__WHAT TO WORK ON__. Begin your copy at the line that holds "steelburger-news-2-november-2018-epapers-page-12" and carry it through the final line of the data, writing out each line exactly and omitting pictures.

[[ DATA SECTION, beginning ]]

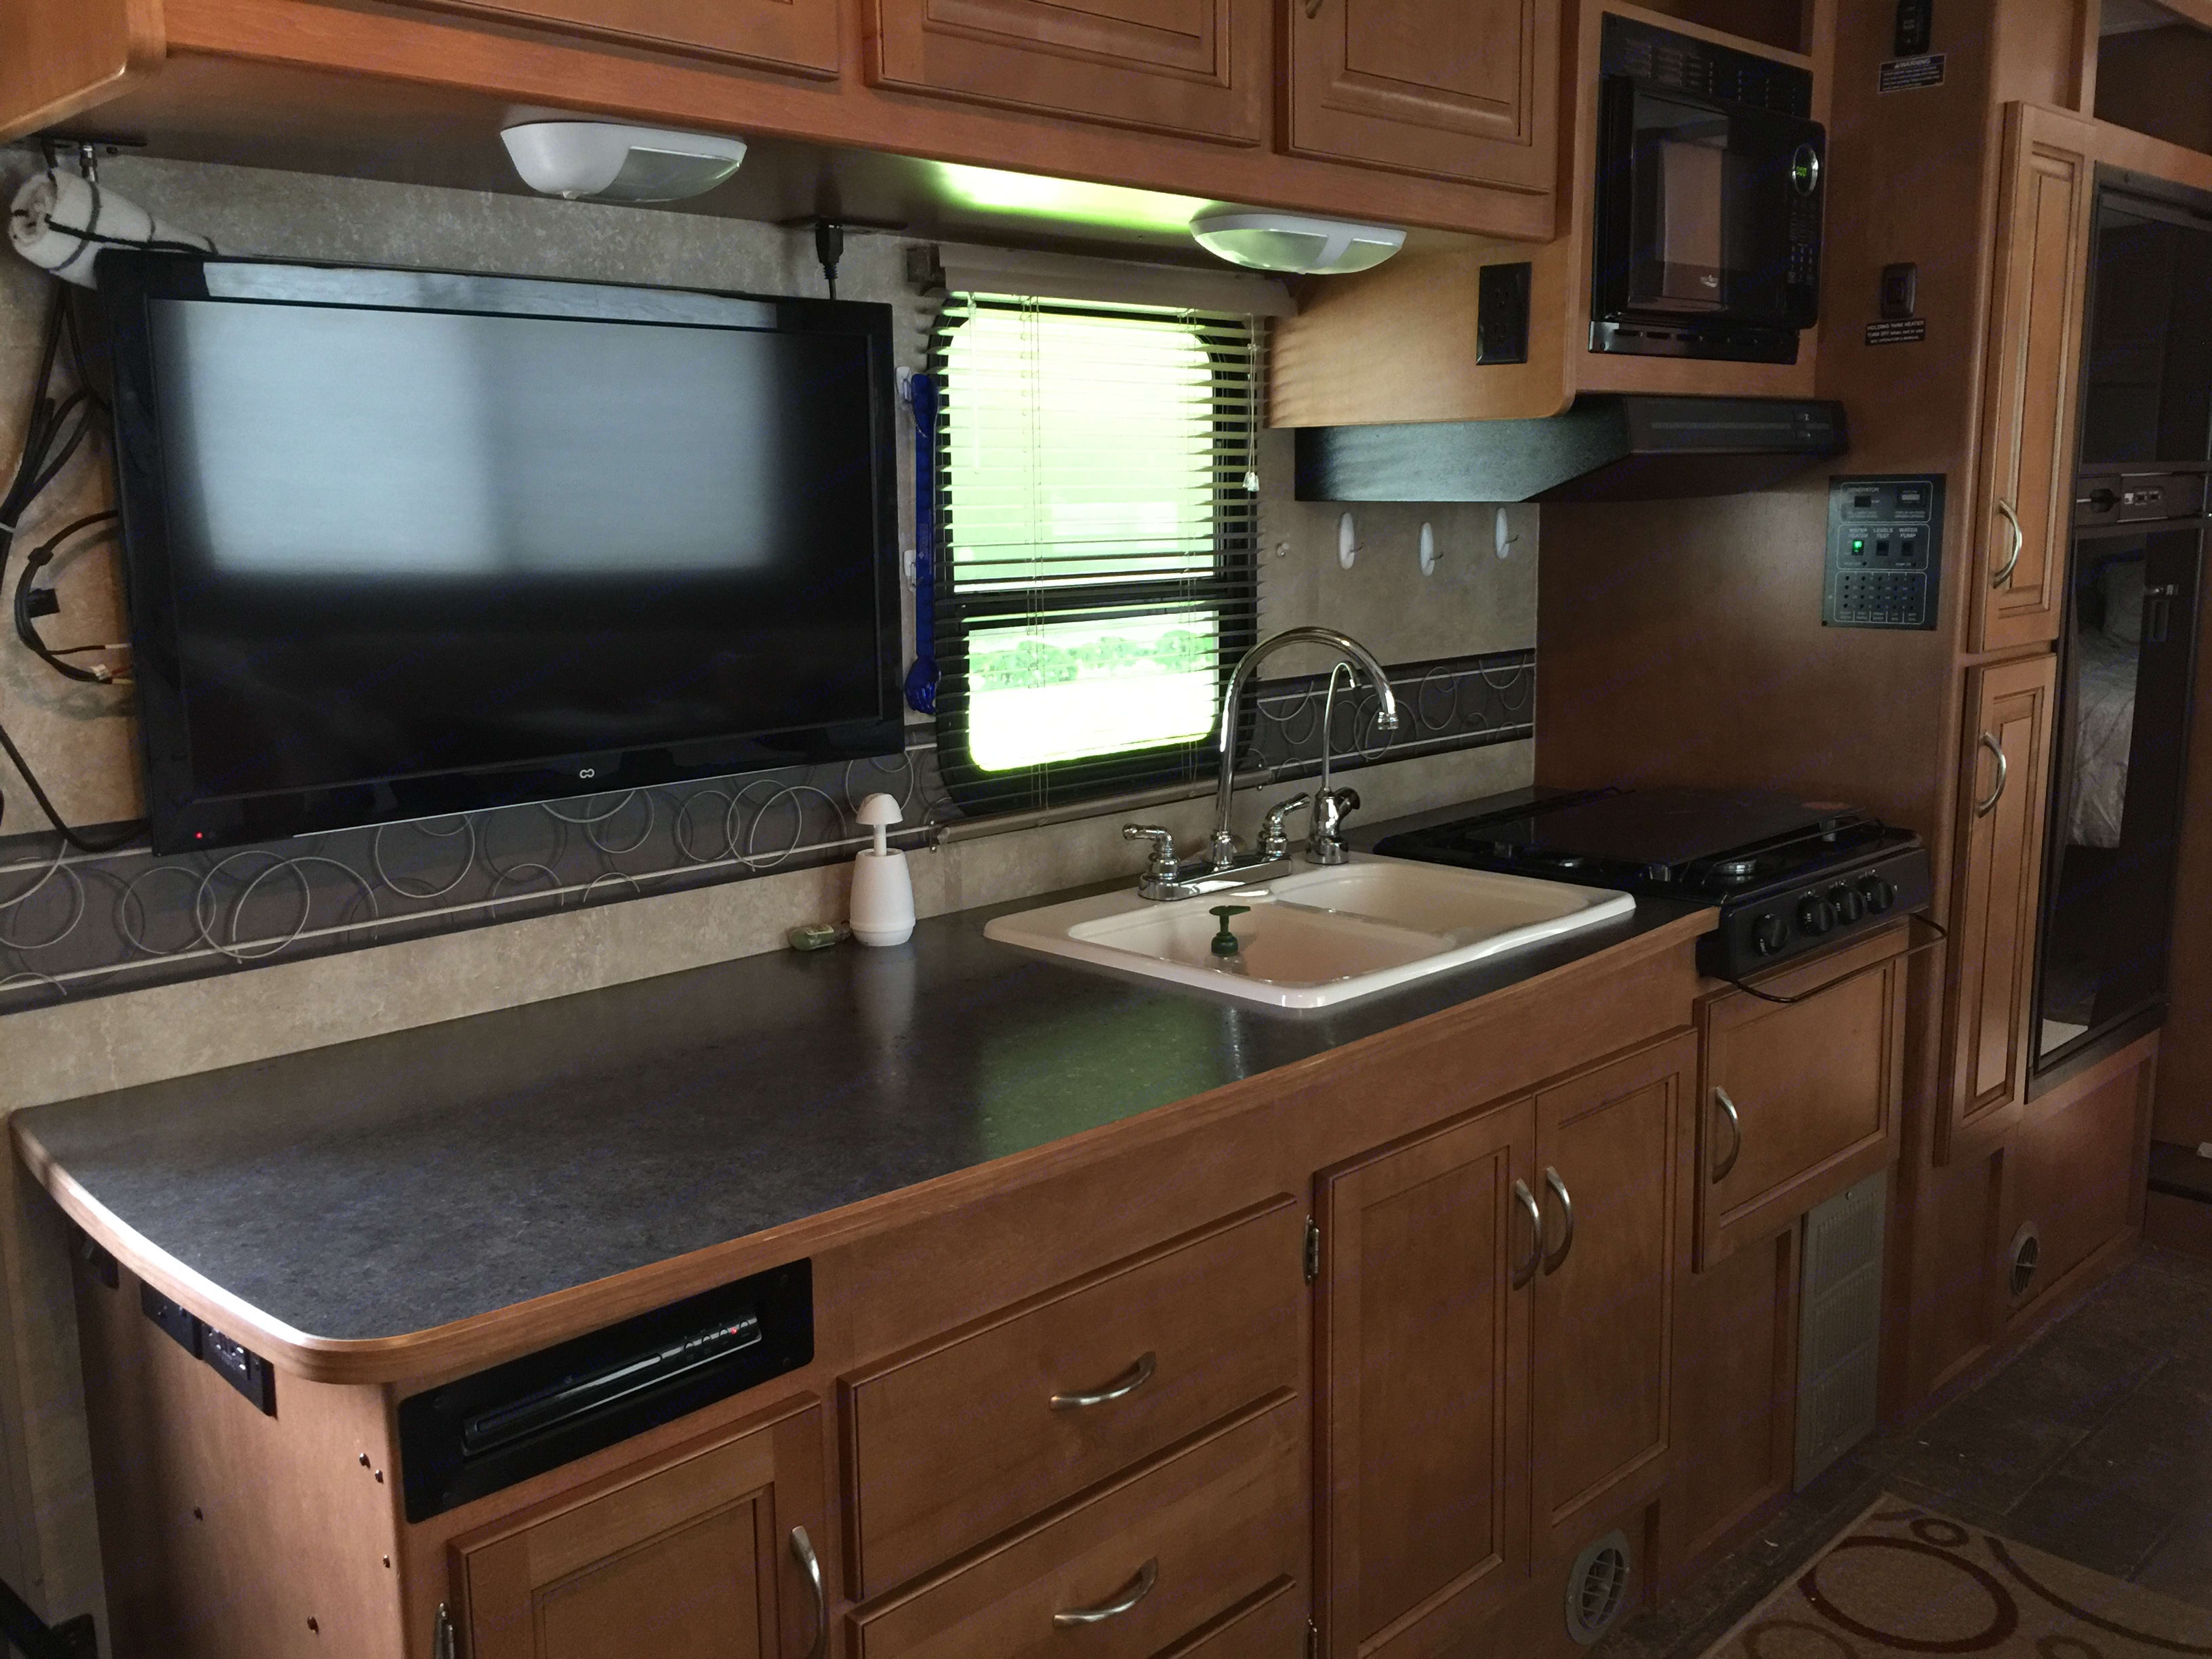 kitchen with pantry, refrigerator, microwave, 3-burner gas stove top TV, dvd player. Winnebago Minnie Winnie 2014
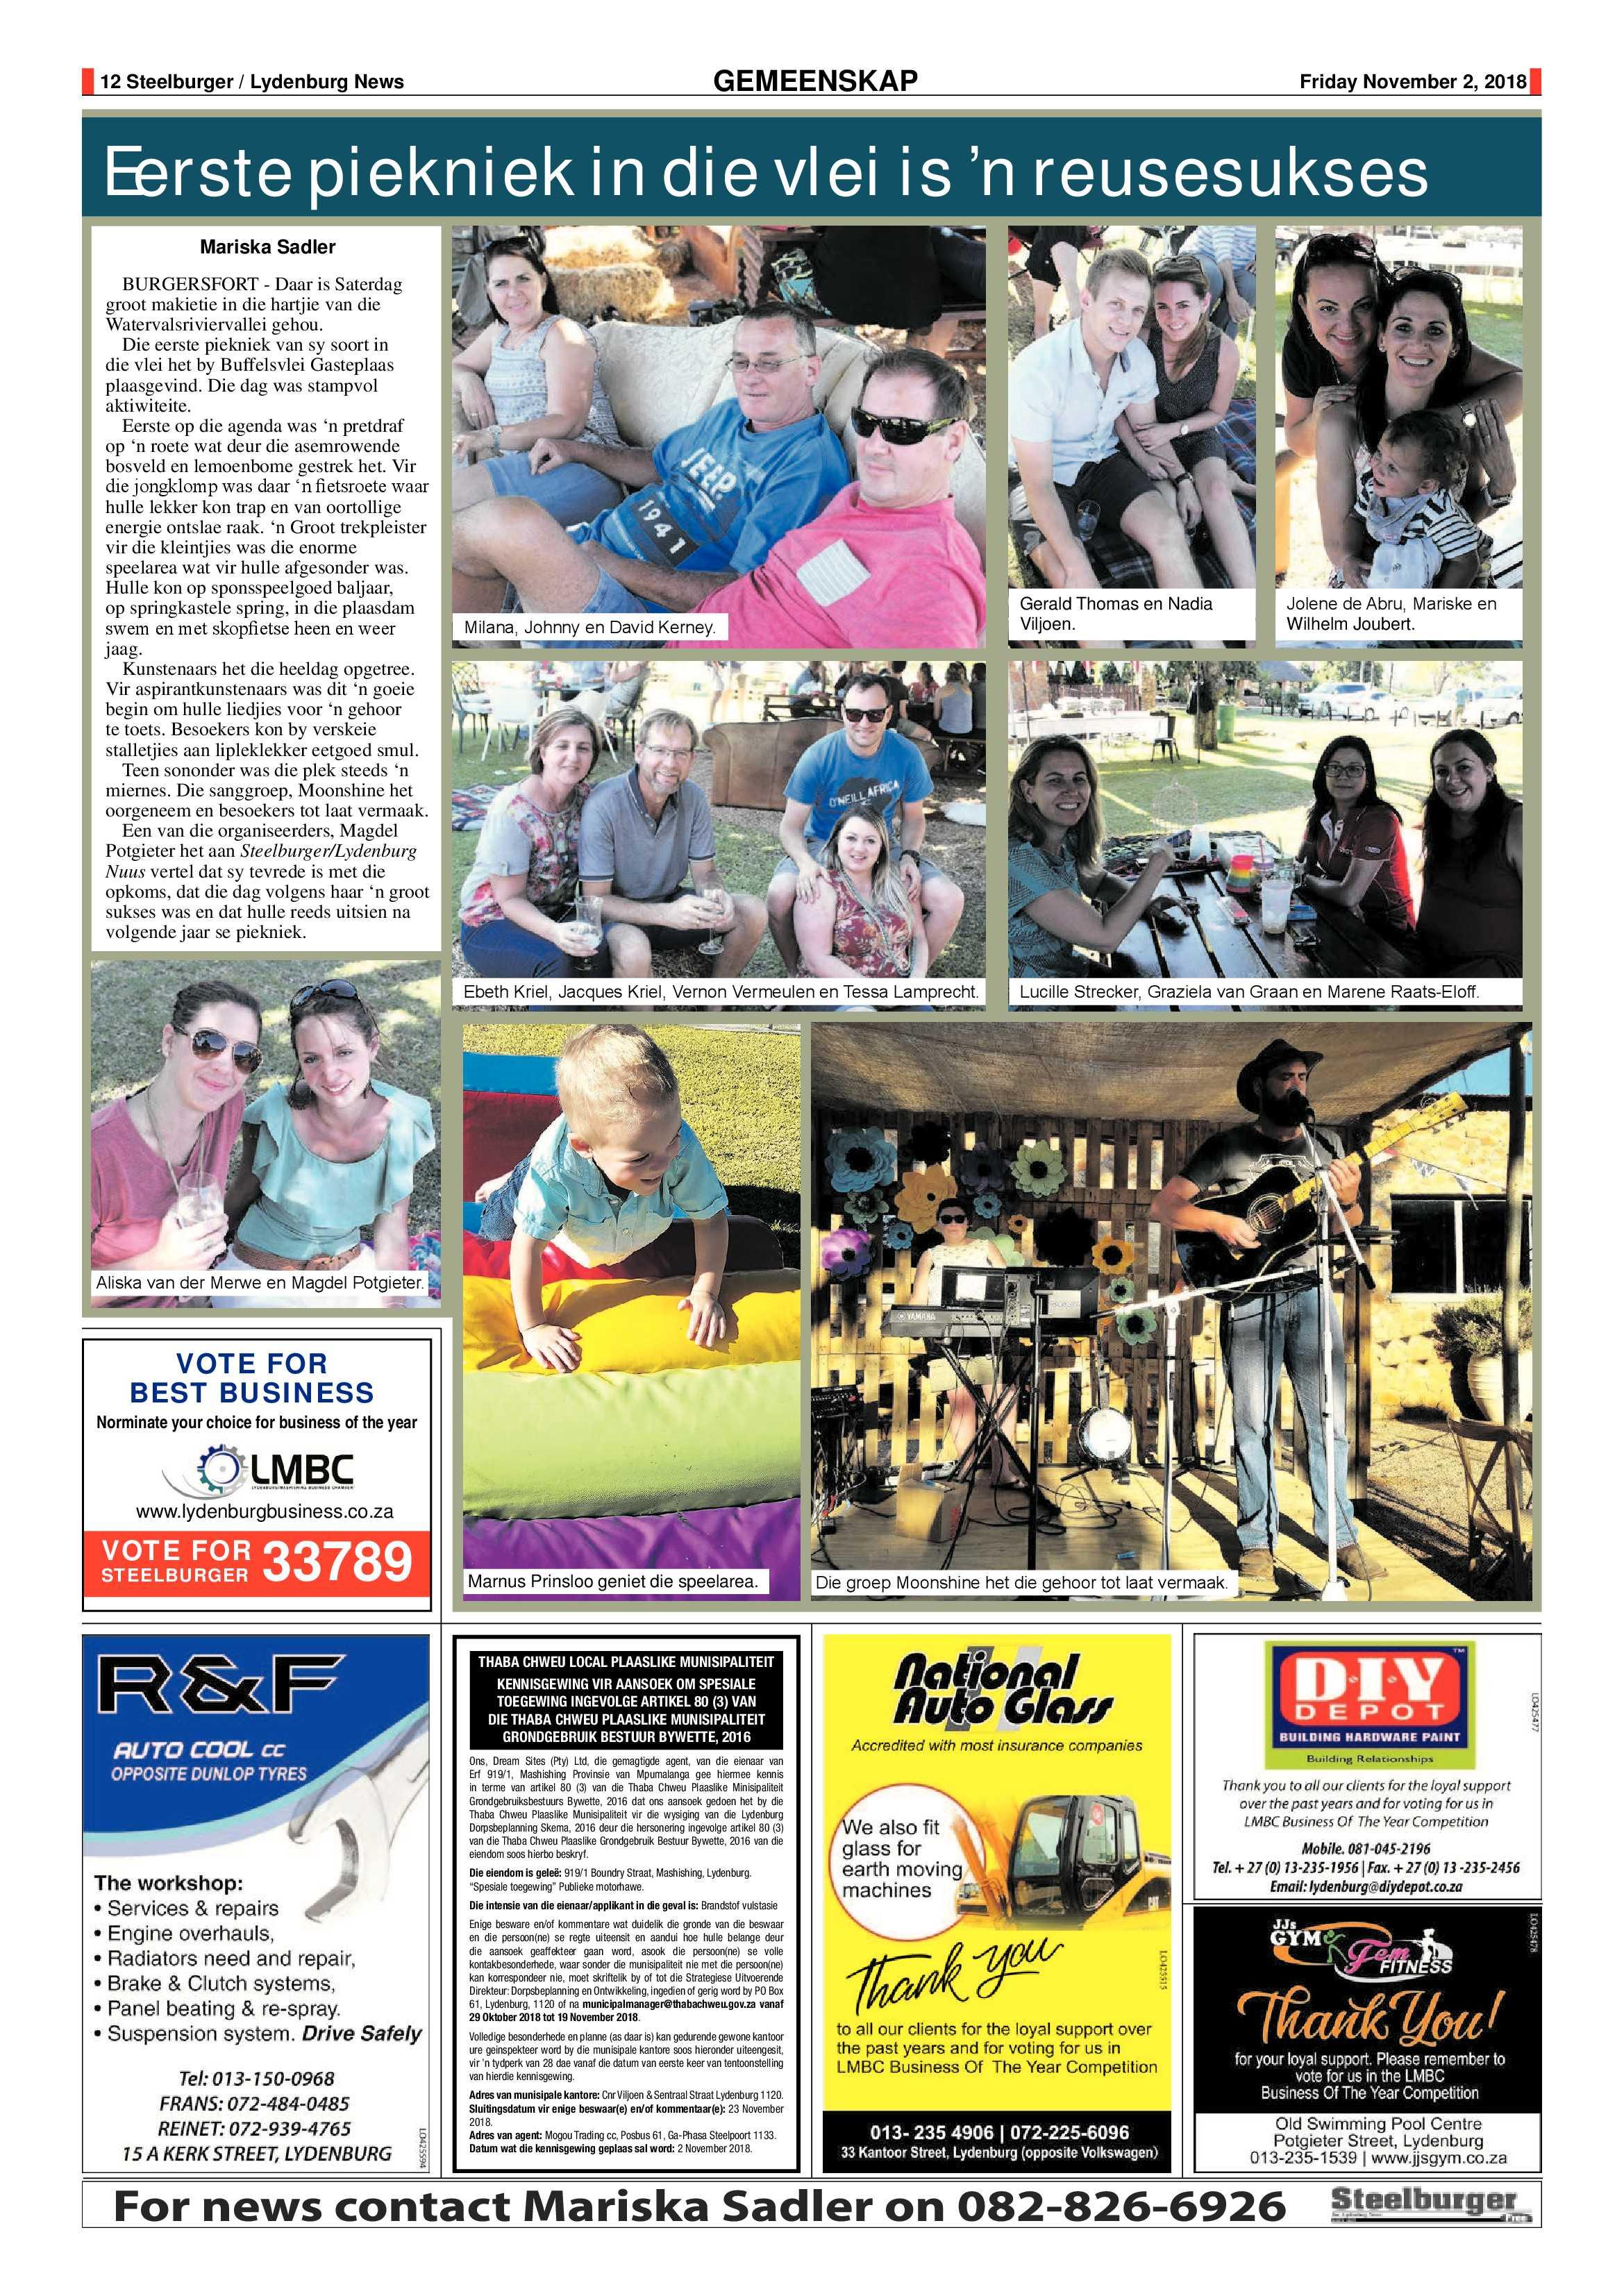 steelburger-news-2-november-2018-epapers-page-12
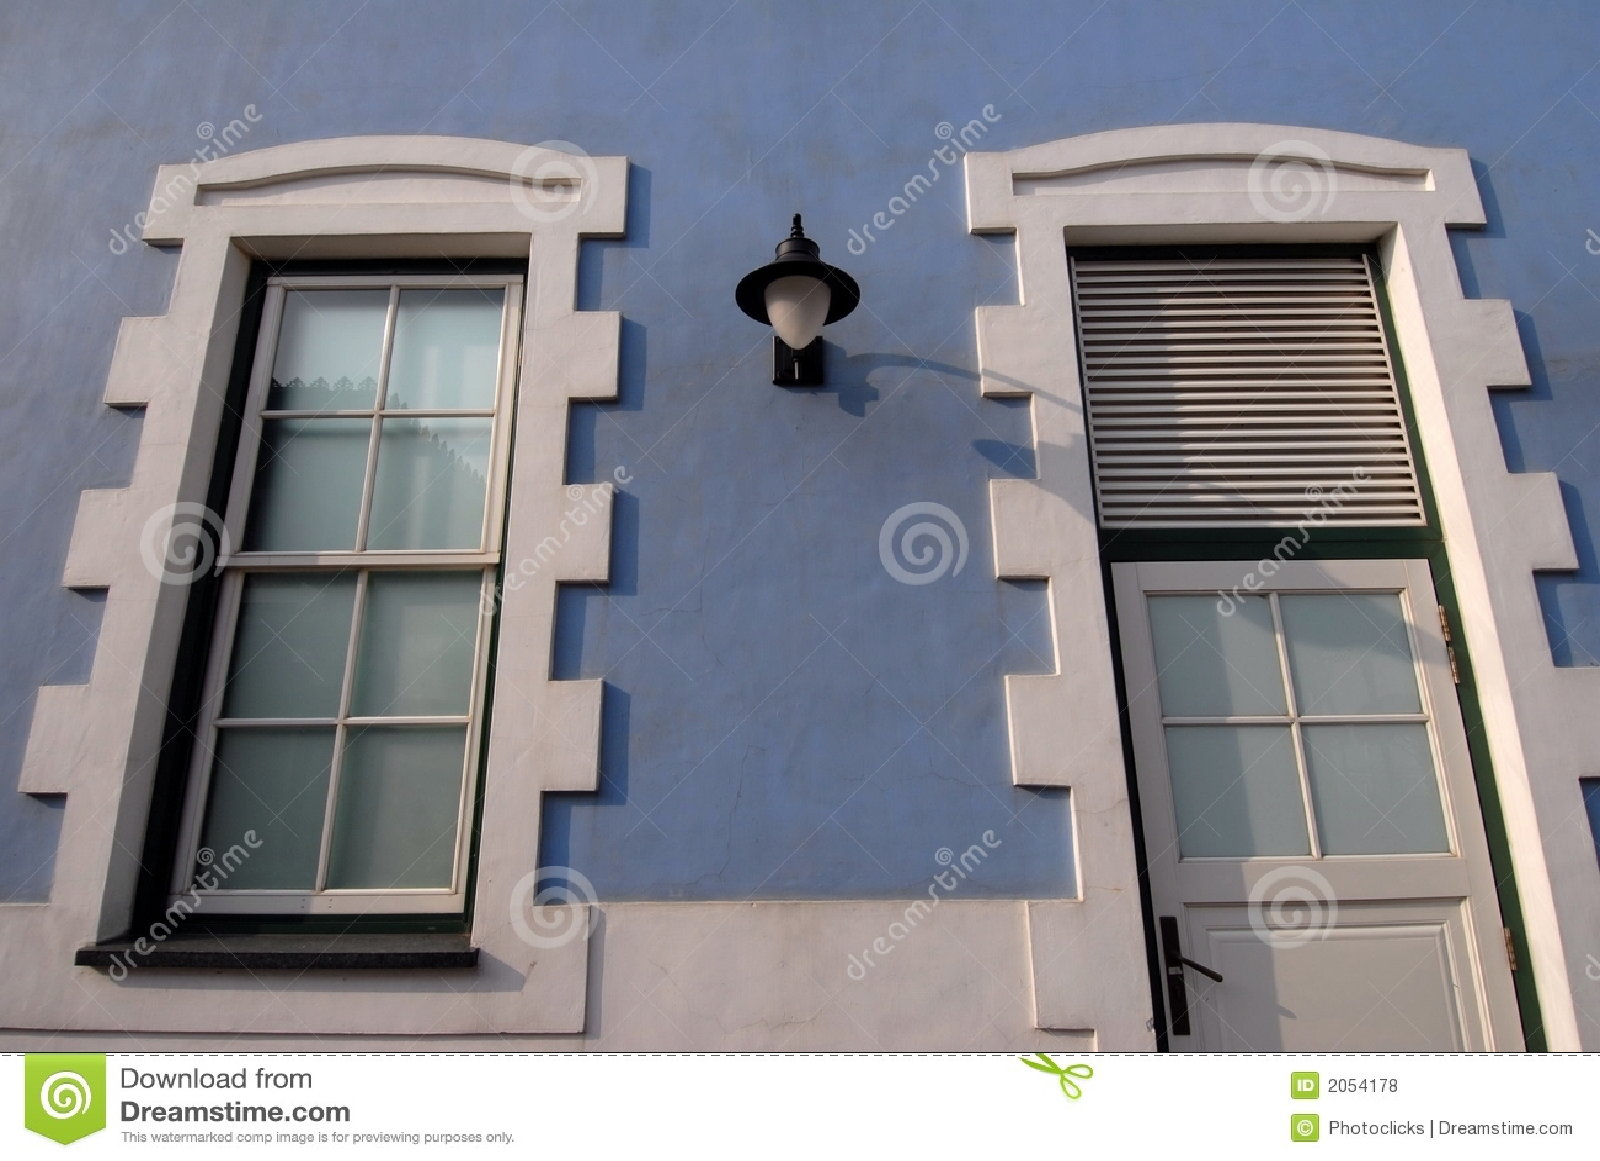 голубой внешний дом

[[ DATA SECTION, end ]]

__ANSWER TO THIS EXERCISE__.
 steelburger-news-2-november-2018-epapers-page-12
 голубой внешний дом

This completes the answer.